Similarly, the researchers were able to recruit nurses to the foraging trade early by feeding them a compound that stimulated the foraging gene.

The researchers have a basic idea of how the foraging gene operates. Using its instructions, a cell generates a protein called a protein kinase, which plunks little molecular bundles onto other proteins in the cell, altering their shape and thus their function. Hence, the real question about the foraging gene is, what proteins does its specified protein interact with? And how does all that molecular commotion end up putting the buzz in a bee's bonnet?

One way to begin sorting out the many genetic players in a bee brain, as well as a bee body, Dr. Robinson said, is through a bee genome project, deciphering all the subunits of bee DNA as has been done, more or less, with the human genome.

The National Institutes of Health is now deciding which genomes of which species are worth decoding in their entirety.
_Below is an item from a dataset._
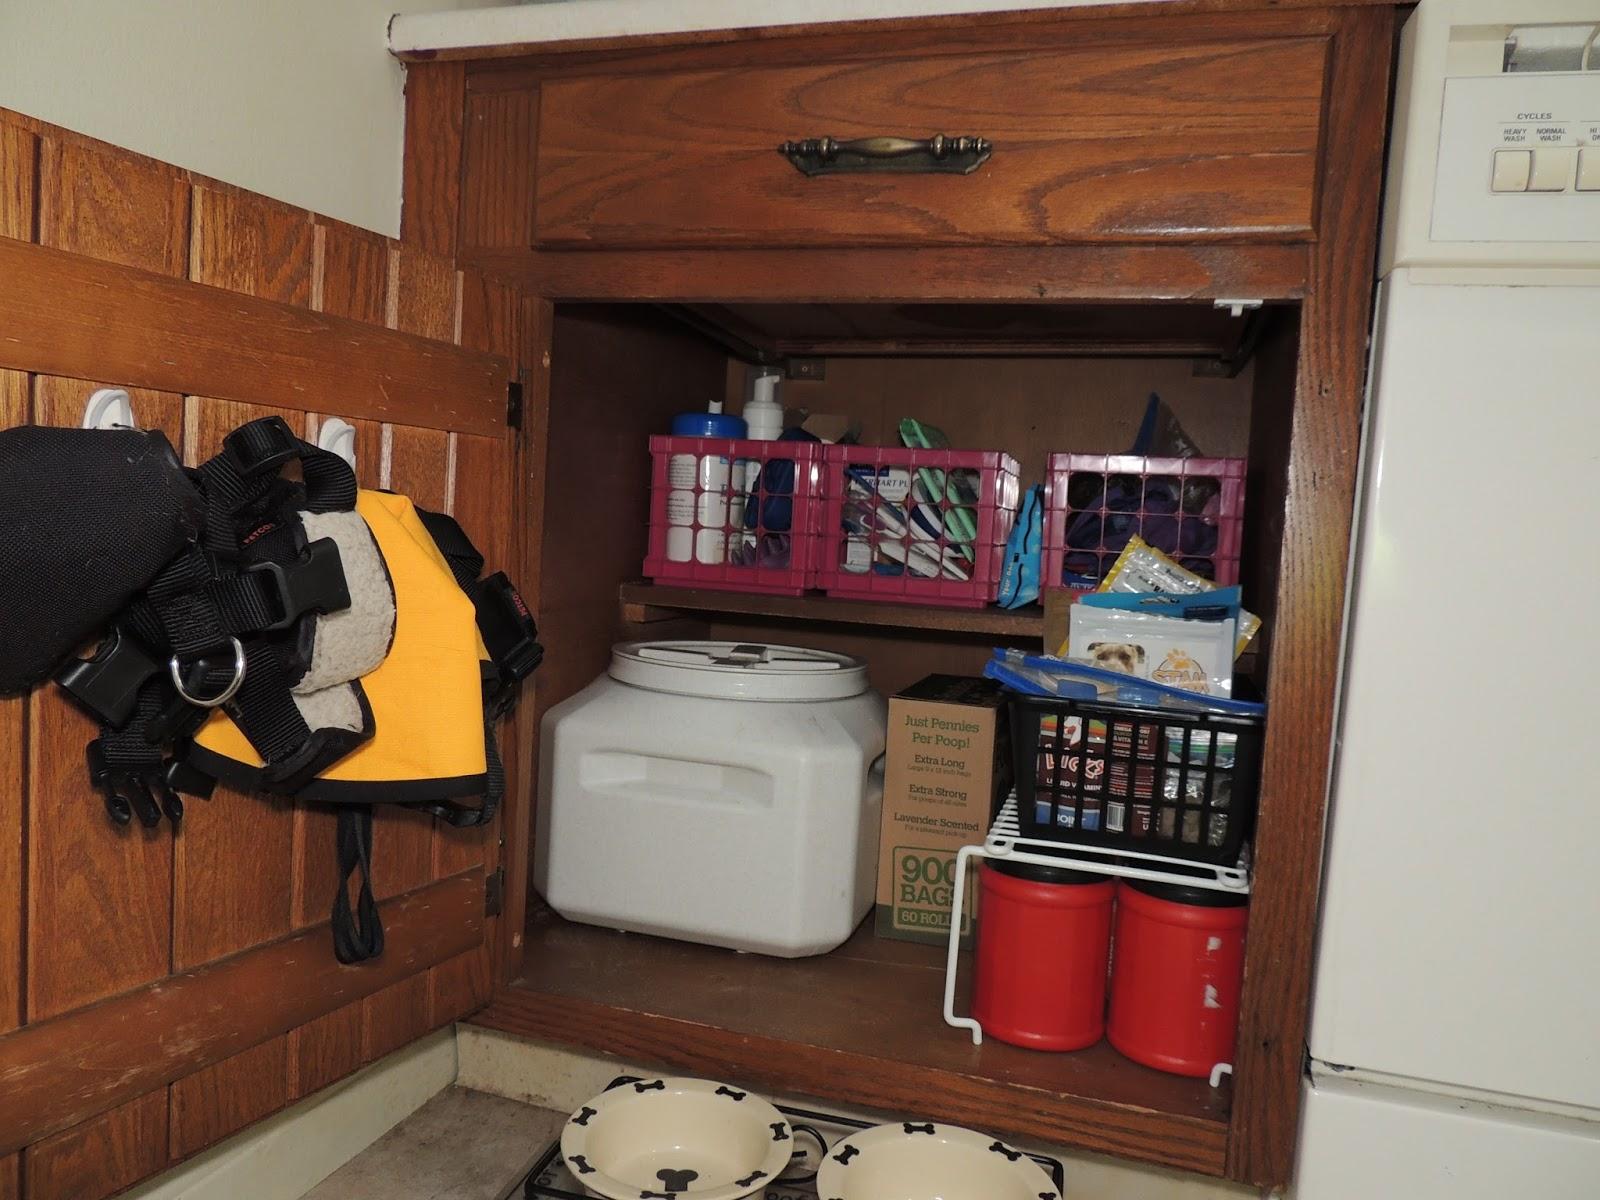 Erie Sisti Bull Organizing Dog Gear Dog Cabinet And Leashes

Among the candidates are chickens, dogs, sea urchins, cows, freshwater turtles and an assortment of nonhuman primates.

Dr. Robinson believes in his bees. "With a honeybee, you get a lot of bang for your buck," he said. "It has a modest-sized genome, yet it has sophisticated behavior, it learns, it's highly social and because it's an insect, there's a possibility we can understand it in great depth."